Majority Element

Given an integer slice nums, return the element that appears more than n/2 times. You may assume such an element always exists.

A counting map works but uses extra memory. There is a linear-time, constant-space solution using the Boyer-Moore voting invariant.

Function signature

func MajorityElement(nums []int) int

Inputs / outputs

• nums: non-empty slice of integers.
• Return: the value that appears more than len(nums)/2 times.

Example

nums = [2,2,1,1,1,2,2]
Output: 2

Reasoning: The majority element must survive pair-cancellation.

Constraints

• 1 <= len(nums) <= 100_000
• -1_000_000_000 <= nums[i] <= 1_000_000_000
• A majority element always exists.

Core idea (near-solution)

Boyer-Moore voting pairs off different values and cancels them.

Maintain:

• candidate: the current majority candidate
• count: the candidate's net "advantage"

Invariant: after processing the first i elements, count equals the number of candidate occurrences minus the number of non-candidate occurrences in that prefix (after cancellations).

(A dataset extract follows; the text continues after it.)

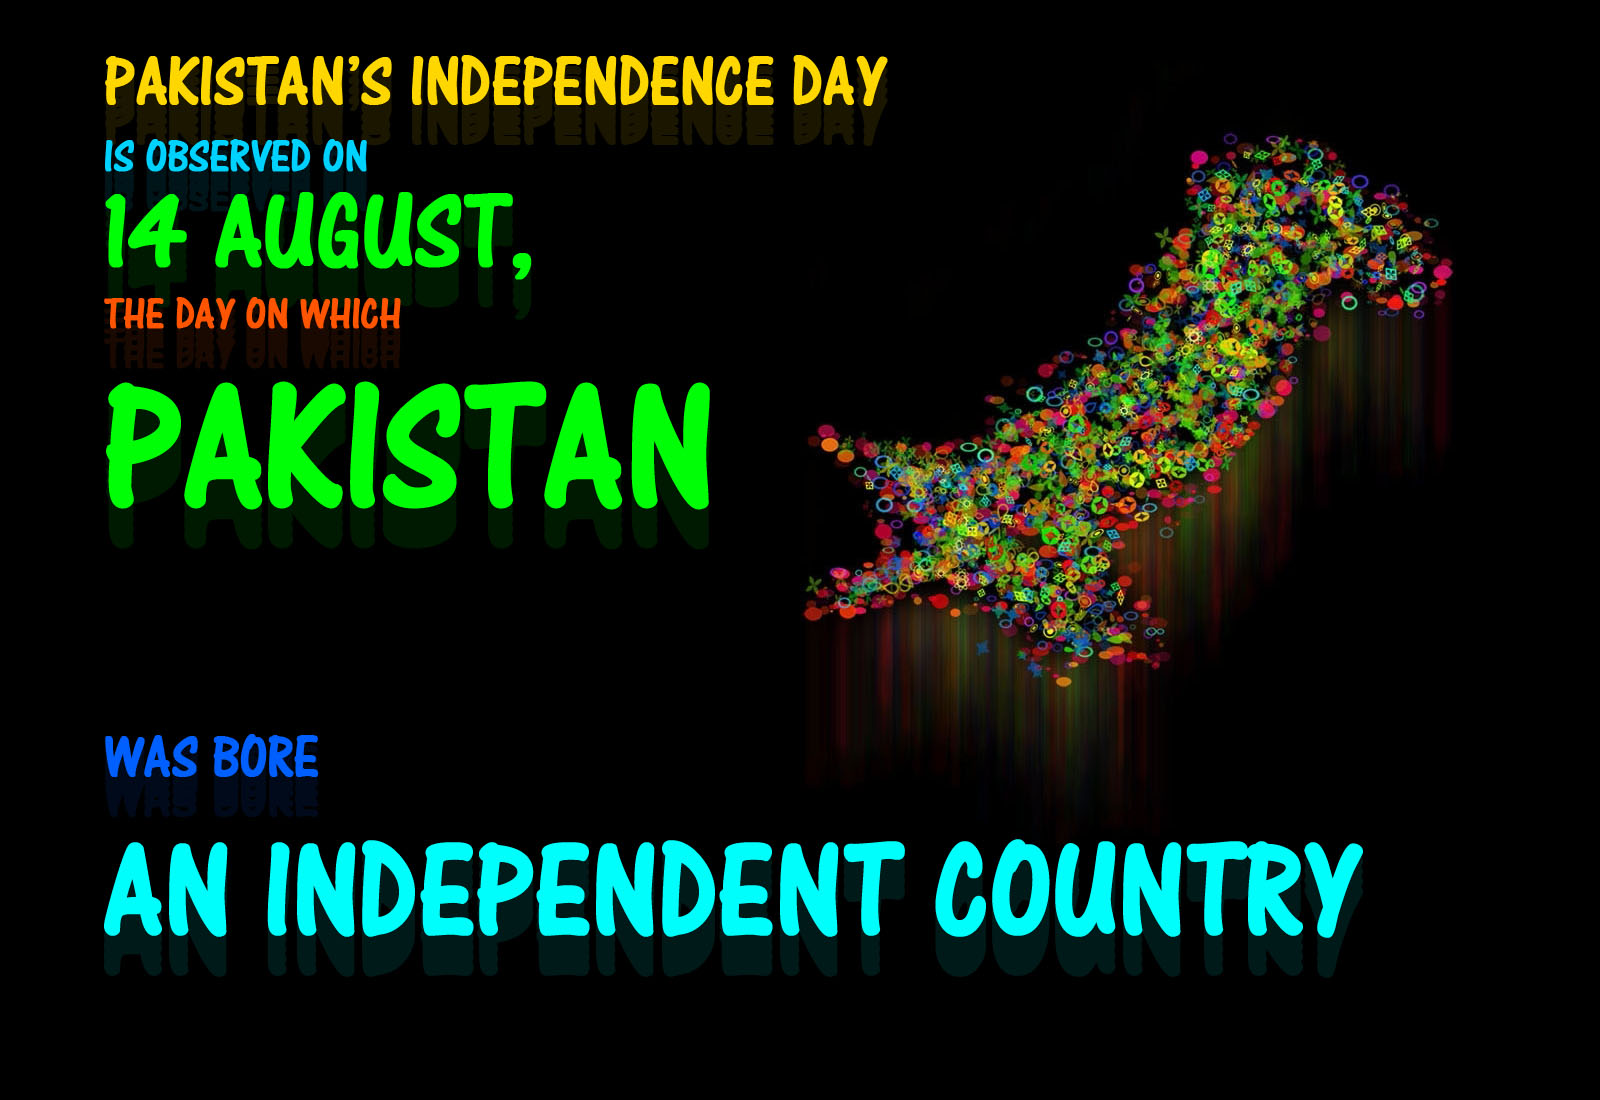 https://blogger.googleusercontent.com/img/b/R29vZ2xl/AVvXsEhSZJyi4ZNFbtl6ziPx-gAp1502ytWLYQLEuLOMxnlEBVns5oi9LQsuPGQz6jfVBkz7oPVQzQUhyphenhyphenENMEawUTrFCWcIYDsn0aq5SicFpYte4eXY3bxWj6JvmlVp1iCRVbEKusvHekskXlX2x/s1600/pakistan-independence-day-wallpaper-2012-4.jpg

A true majority cannot be fully canceled, so the final candidate is the answer.

Algorithm (step-by-step)

1. Initialize count = 0.
2. For each value x in nums:
   • If count == 0, set candidate = x.
   • If x == candidate, increment count; otherwise decrement count.
3. Return candidate.

Correctness sketch

• Invariant: after processing the first i elements, count equals the number of candidate occurrences minus the number of non-candidate occurrences in that prefix (after cancellations). A true majority cannot be fully canceled, so the final candidate is the answer.
• Frequency counts reflect the exact multiplicity of each value.
• The decision rule derived from counts is applied once, so no case is missed.
• Therefore the computed result matches the definition of the problem.

Trace (hand walkthrough)

Example input:
nums = [2,2,1,1,1,2,2]
Output: 2

Reasoning: The majority element must survive pair-cancellation.

Walk:
- candidate=2, count=1 (after first 2)
- next 2 -> count=2; next 1 -> count=1; next 1 -> count=0
- count=0 => candidate=1, count=1; next 1 -> count=2
- next 2 -> count=1; next 2 -> count=2 => candidate=2

Pitfalls to avoid

• Using this algorithm when no majority is guaranteed (it can return a non-majority then).
• Forgetting to reset the candidate when count hits zero.

Complexity

• Time: O(n)
• Extra space: O(1)

Implementation notes (Go)

• The problem guarantees a majority, so no second verification pass is required.